Not quite what I had in mind, LOL.
Liquid Nitrogen's pretty good for warts though.


I'd forgotten the turpentine one for ticks.
We got either a cigg to the little bugger or it painted with nail polish to suffocate it.

I've had to tell people that they can get pregnant thier first times.

And the nurse in question from my earlier post- I swear, despite the fact she's a dark-haired Phillipino, she has blonde roots.
 
Bloody Heart said:
or how about gasoline gets rid of lice...

Um, actually it's kerosene, and that works. Lice have developed an immunity to RID, so my dr told us to try kerosene, and it works. It also kills the nits.
 
Vixandra said:
Not quite what I had in mind, LOL.
Liquid Nitrogen's pretty good for warts though.

Duct tape works too. Also recommended by our dr, but when Beth had like three planters warts they said they could burn them off, which would hurt, or we could put duct tape on them. We did, and a week later she was wartless. You gotta change the tape every day though, and scrape off the dead skin.
 
Bloody Heart said:
or how about gasoline gets rid of lice...

My grandmother swears by using mayo to suffocate the little creatures. It seems to work though cause my cousins never had more then one bought with the things.
 
caela said:
My grandmother swears by using mayo to suffocate the little creatures. It seems to work though cause my cousins never had more then one bought with the things.
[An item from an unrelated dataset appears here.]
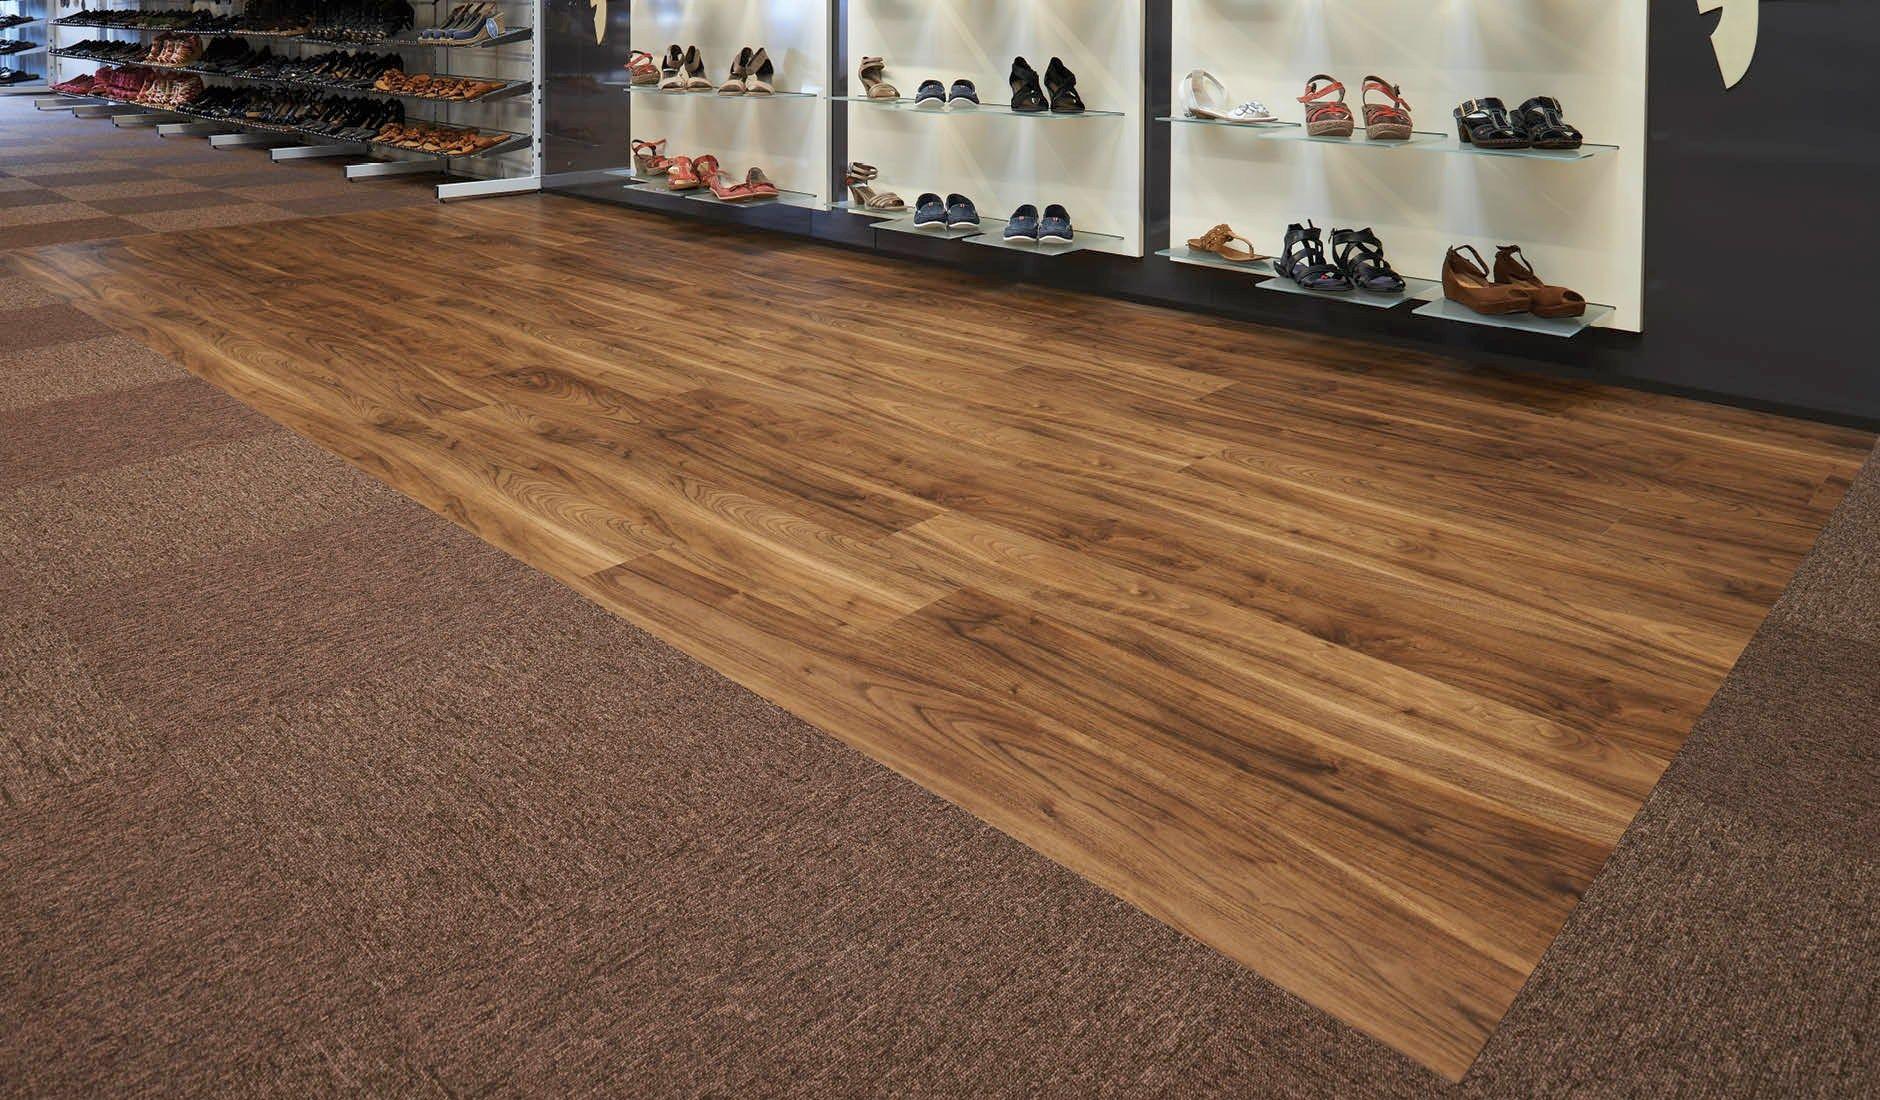 hardwood flooring glasgow hillington of nextstep flooring nextstepf on pinterest regarding f7880d521a27ea94b97963d13d906aef

tried it. *sigh* didn't work. Believe me we'd done EVERYTHING by the time that I used the kerosene. And yes, we've totally gone through the house too. All the dolls, all the stuffed animal, everything gets treated. The kerosene is the only thing that worked.
 
rosco rathbone said:
I can cure all warts with a welding rod, a gas stove burner and a pint of whiskey.

Hmmm....this sounds very similar to my patented hammer & nail clippers remedy.

-B
 
Duct tape works too.


Ah, the endless joys and uses of duct tape. I'd heard that this works but I haven't had occasion to try it. I had a wart on my thumb when I was about 13, accidently bludgeoned it with a hammer and had to cut it off with nail clippers to relieve the pressure of the blood welling up underneat and since then I've never had another wart anywhere ever. I think word got out and they're all just scared to death of me.